Nu kan het rolluik ook in de oorspronkelijke
bewegingsrichting weer worden bewogen.
Overbelastingsbeveiliging
De superrollo GW190 / GW195 is beveiligd tegen
overbelasting.
Als de aandrijving bij de OMHOOG ( ▲ )-beweging
blokkeert (bijv. door bevriezing), dan wordt de super-
rollo GW190 / GW195 uitgeschakeld.
Verwijder eerst de oorzaak van de schaduw.
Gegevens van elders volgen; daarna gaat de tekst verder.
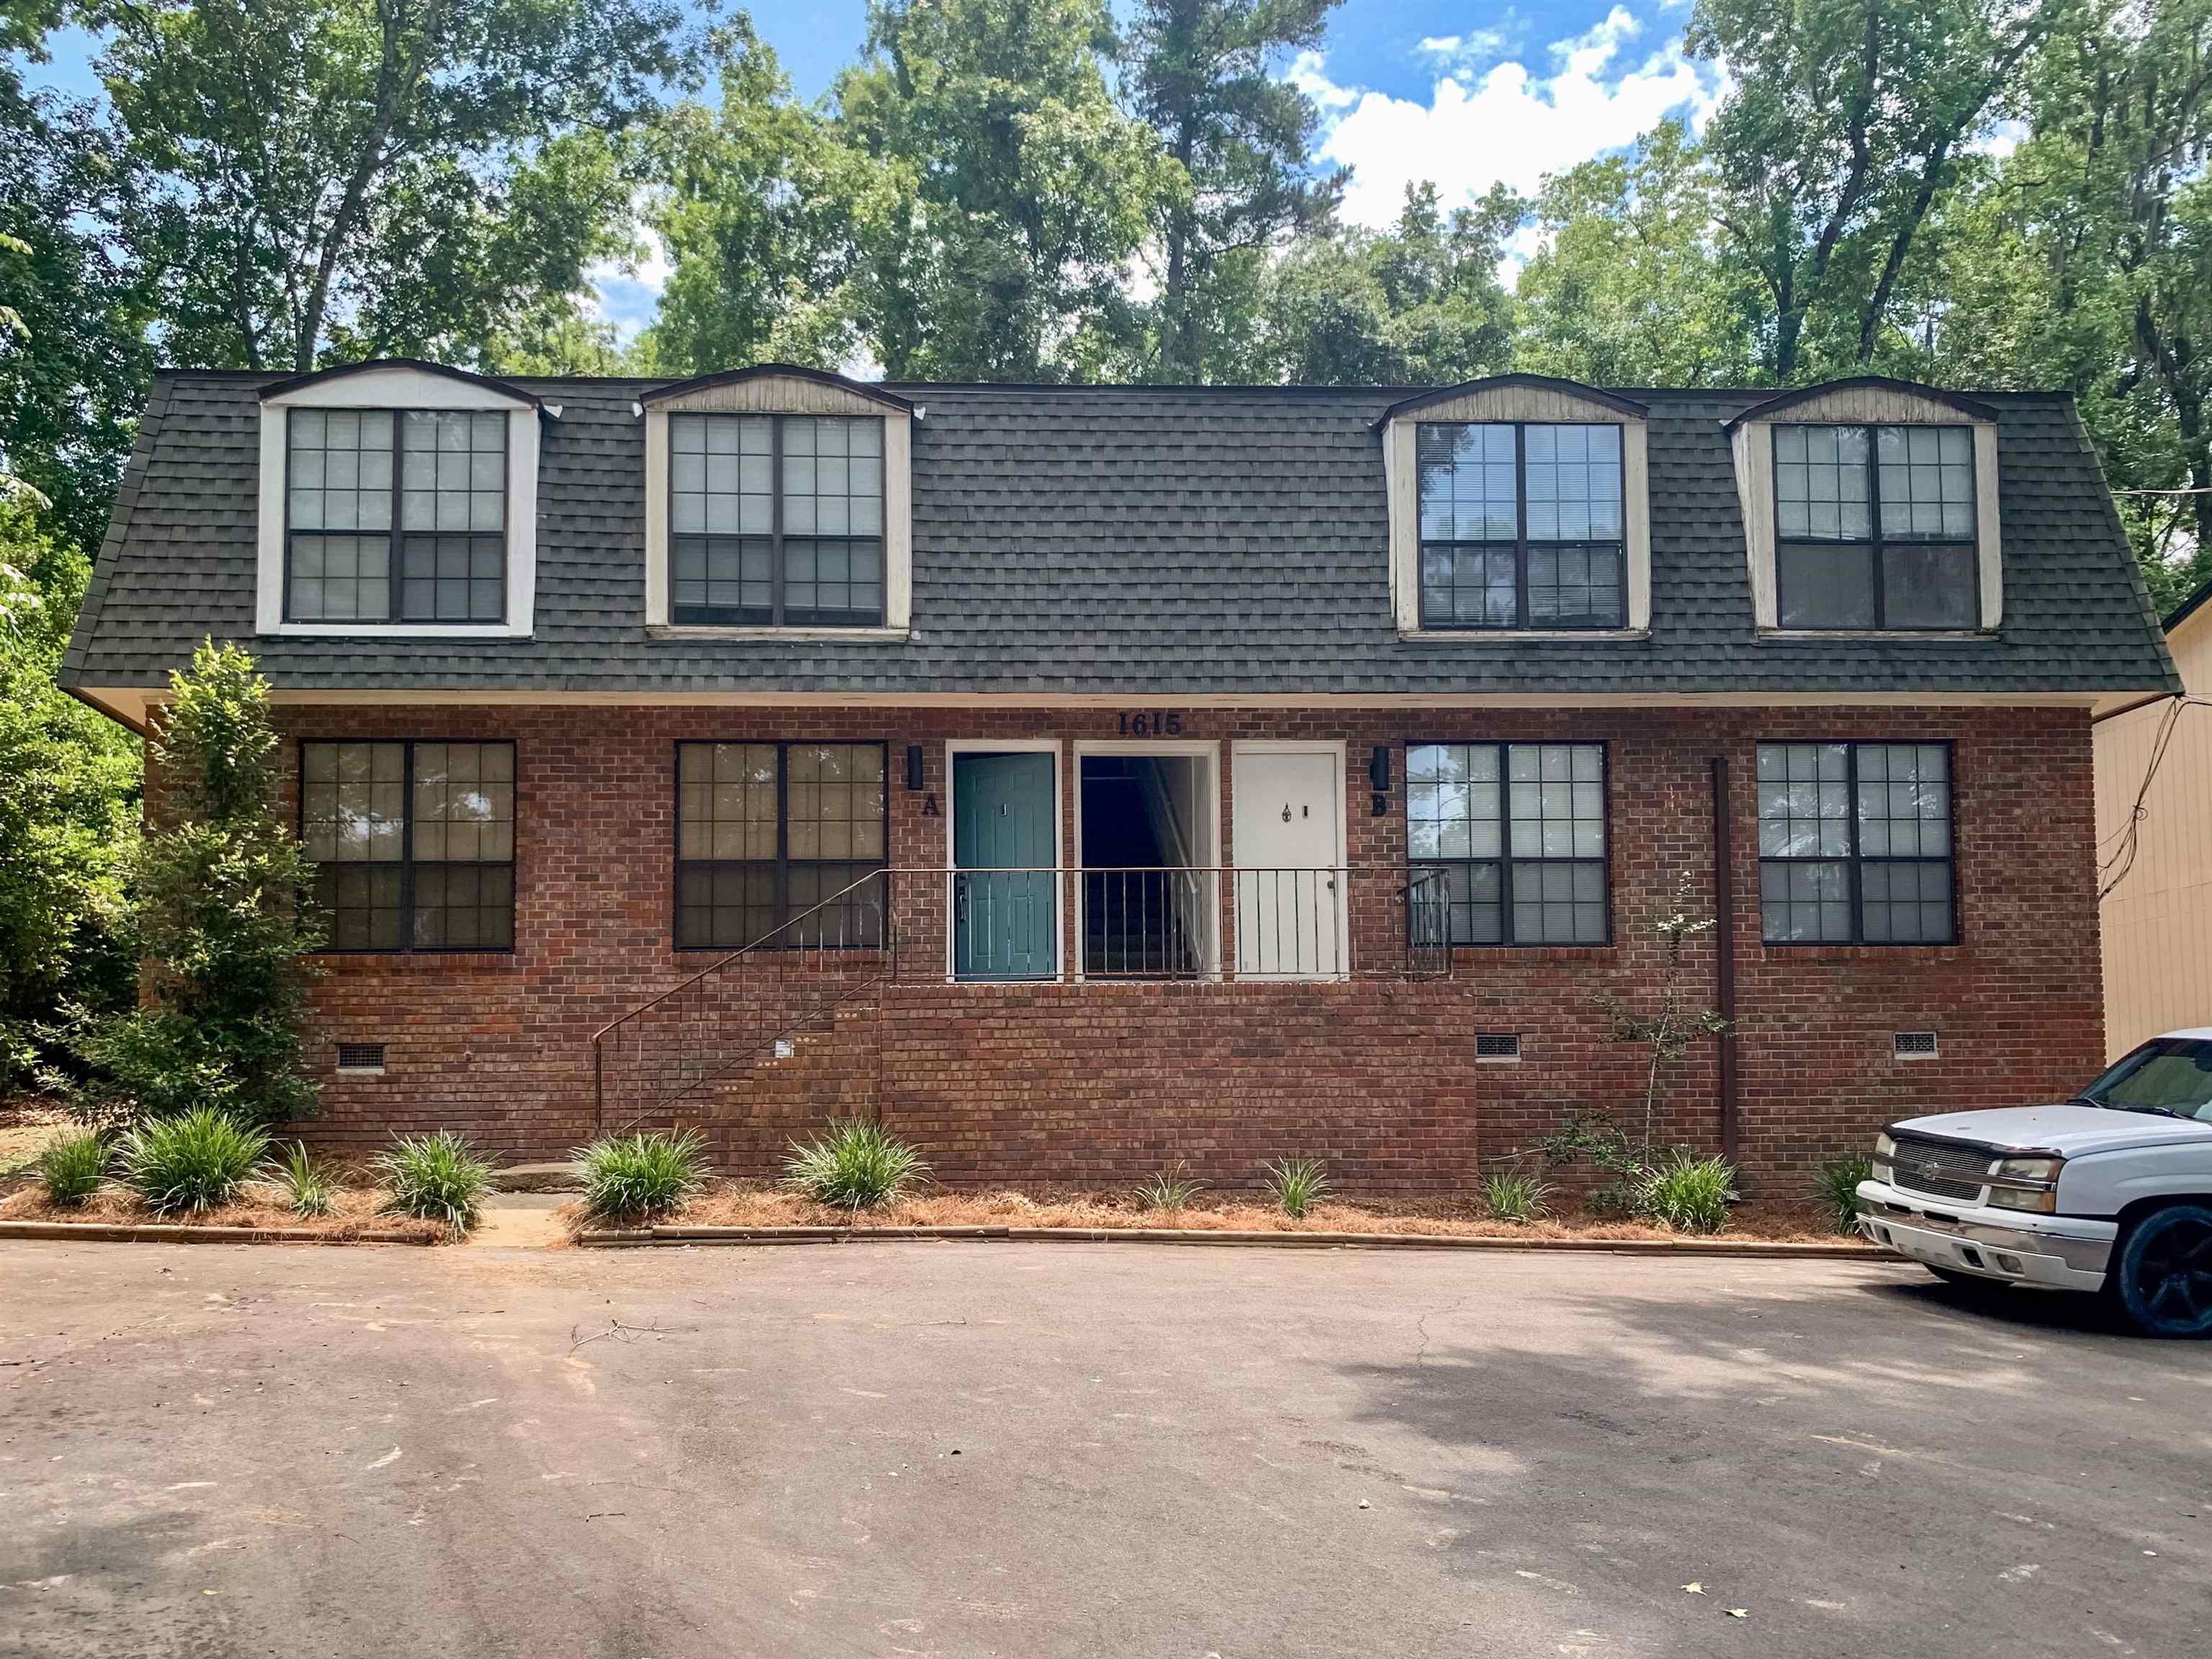 Well maintained all brick quadruplex conveniently located off of Blairstone Rd. Each unit has 2 bedrooms, 2 baths, kitchen, pantry, inside laundry room, covered porch/balconies, and large living area. Unit A fully renovated with 2020 Hvac and 2020 water heater. Unit B 2021 Hvac and 2019 water heater. Unit C fully renovated with 2020 Hvac and 2014 water heater. Unit D recently updated with 2021 Hvac and 2017 water heater. Updated plumbing and electrical in all units. 2020 roof. Repaved large parking lot. No Restrictive Covenants or HOA. Great cash flow opportunity. Very low maintenance. Stays rented.
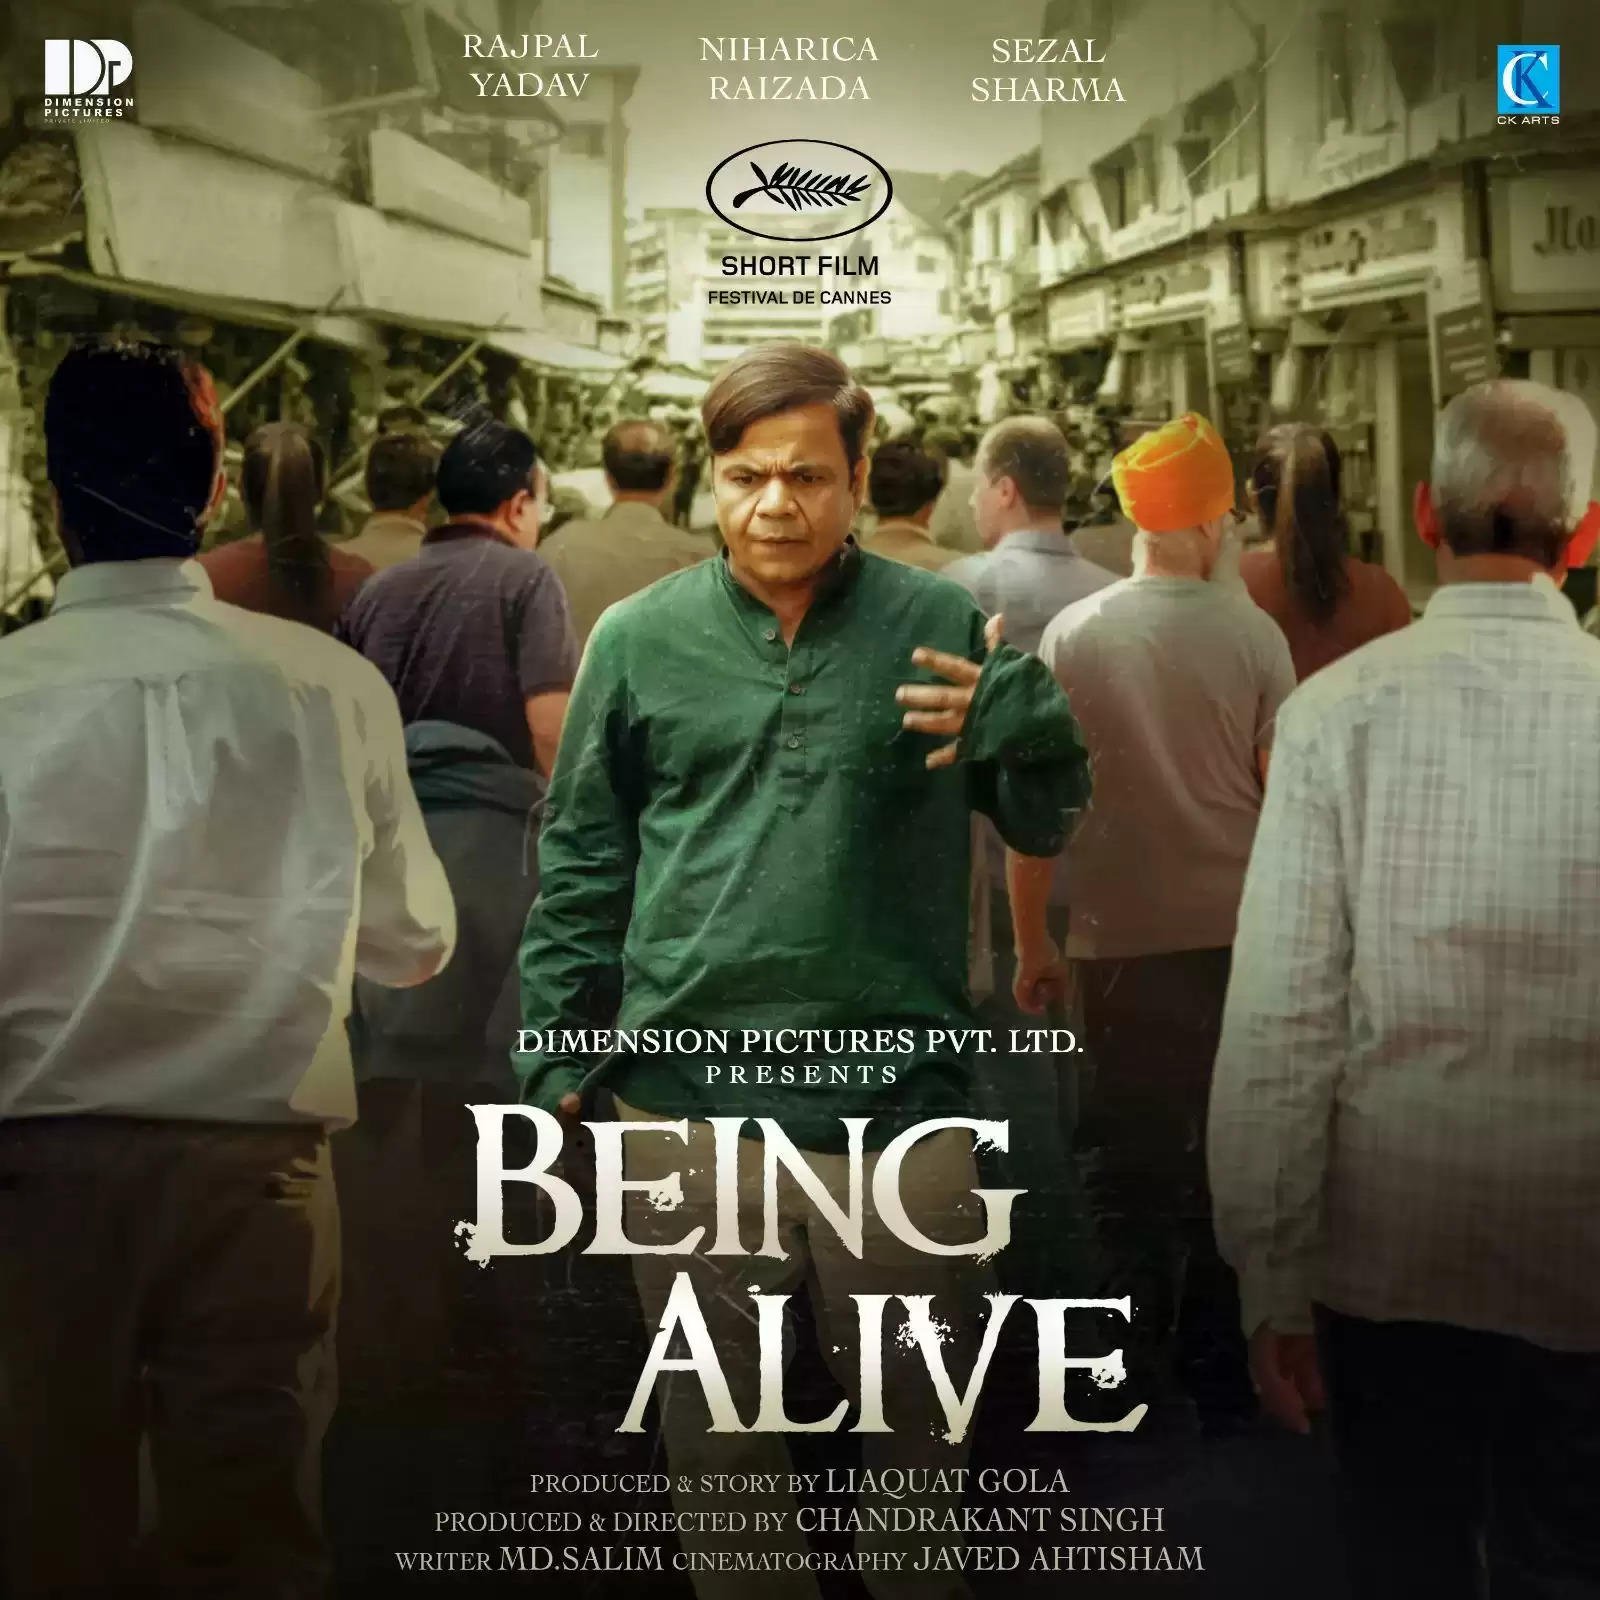 "BEING ALIVE" SOARS TO NEW HEIGHTS AS IT PREMIERES AT THE PRESTIGIOUS CANNES FILM FESTIVAL

Daarna functioneert de superrollo GW190 / GW195
weer in beide richtingen.
i
Bij uitval van de obstakelherkenning bestaat er
verwondingsgevaar.
De band moet zo gelijkmatig mogelijk opgerold
zijn om de obstakelherkenning veilig te laten
functioneren.
Let op of de band na een activering van de
obstakelherkenning weer recht en gelijkmatig
wordt afgewikkeld wanneer het rolluik wordt
gebruikt.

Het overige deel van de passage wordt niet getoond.